JOHN R. GIBSON, Circuit Judge.

In this case we must assess the sufficiency of three complaints under the new pleading standards made applicable to securities fraud cases by the Private Securities Litigation Reform Act of 1995, P.L. No. 104-67, 109 Stat. 737. The Florida State Board of Administration, which invests state employees’ pension funds, and two putative classes of investors, one for stock purchasers and one for option traders, have each brought Rule 10b-5 2 actions against Green Tree Financial Corporation, its CEO, Lawrence Coss, and other executives, 3 on the theory that they fraudulently overstated Green Tree’s financial value.
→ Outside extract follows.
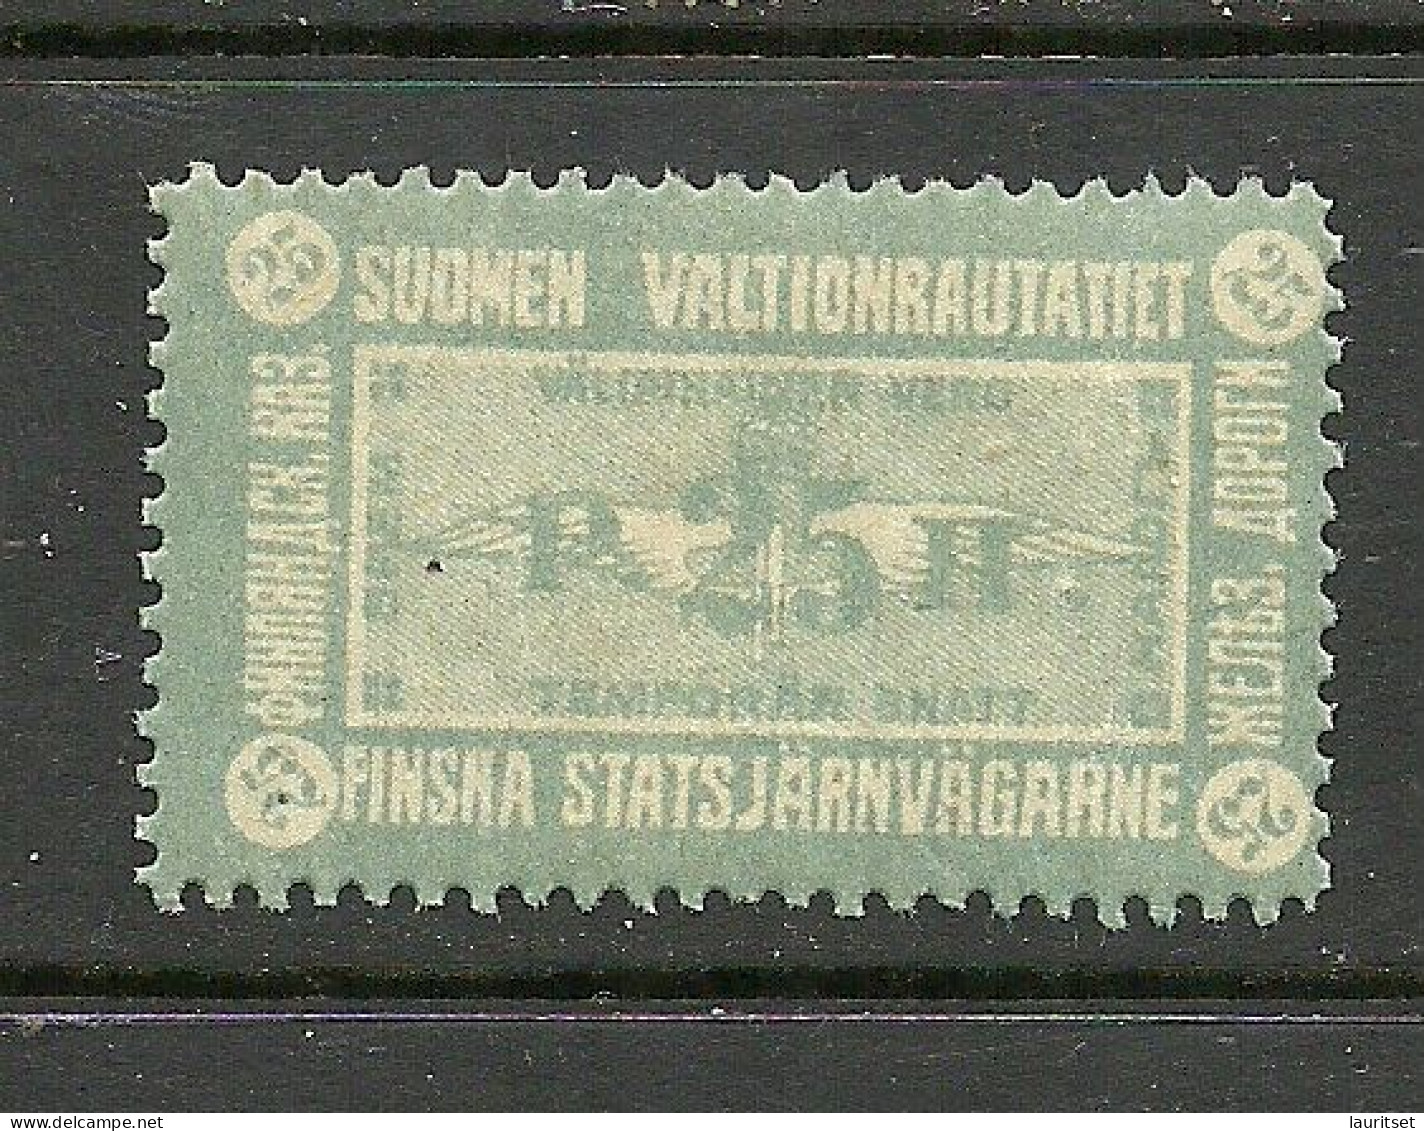 FINLAND FINNLAND 1915 Railway Stamp State Railway 25 P. MNH - Postpaketten

The investors allege that they bought securities in a market affected by this fraud and that when the true facts came to light, Green Tree’s stock price tumbled and they lost their money. The district court held that none of the three complaints pleaded facts giving rise to a strong inference of knowing or reckless misconduct, and so the court dismissed the complaints with prejudice. Florida State Bd. of Admin, v. Green Tree Fin. Corp. (In re Green Tree Fin. Corp. Stock Litig), 61 F.Supp.2d 860, 878 (D.Minn.1999). The Florida Board and both investor classes appeal, contending that their complaints were indeed sufficient to plead securities fraud. We reverse.

I.

For the purpose of a motion to dismiss, we take the facts from the complaints. Green Tree is a financial services corporation that originally specialized in lending money on house trailers, referred to as “manufactured housing,” although it later diversified into other kinds of lending. Because manufactured housing loans are classified as “sub-prime,” the interest rates are very high — as much as 200 to 400 basis points (two to four percentage points) above residential mortgage rates. Green Tree rose to prominence by pioneering the securitization of manufactured housing loans, which means that it pooled large numbers of these loans and put them into a trust, which sold securities for which the loans served as collateral. The securities *649 entitled the purchaser to fixed interest and principal payments under the loans. Importantly, Green Tree did not relinquish all rights under the securitized loans; instead, it retained the right to keep a portion of the loan payments and it retained the obligation to service the loans. Green Tree’s profit was therefore the spread between the interest it charged the borrowers and the interest it promised the instrument-holders, minus Green Tree’s costs of servicing the loans. However, Green Tree retained the risk of losses from loan defaults, as well as the risk that borrowers would prepay their loans before incurring interest charges, so that the expected interest would never materialize. By absorbing these risks, Green Tree could take high-interest-rate manufactured-housing loans and turn them into low-interest-rate securities, thereby creating the profitable spreads that fueled Green Tree’s growth.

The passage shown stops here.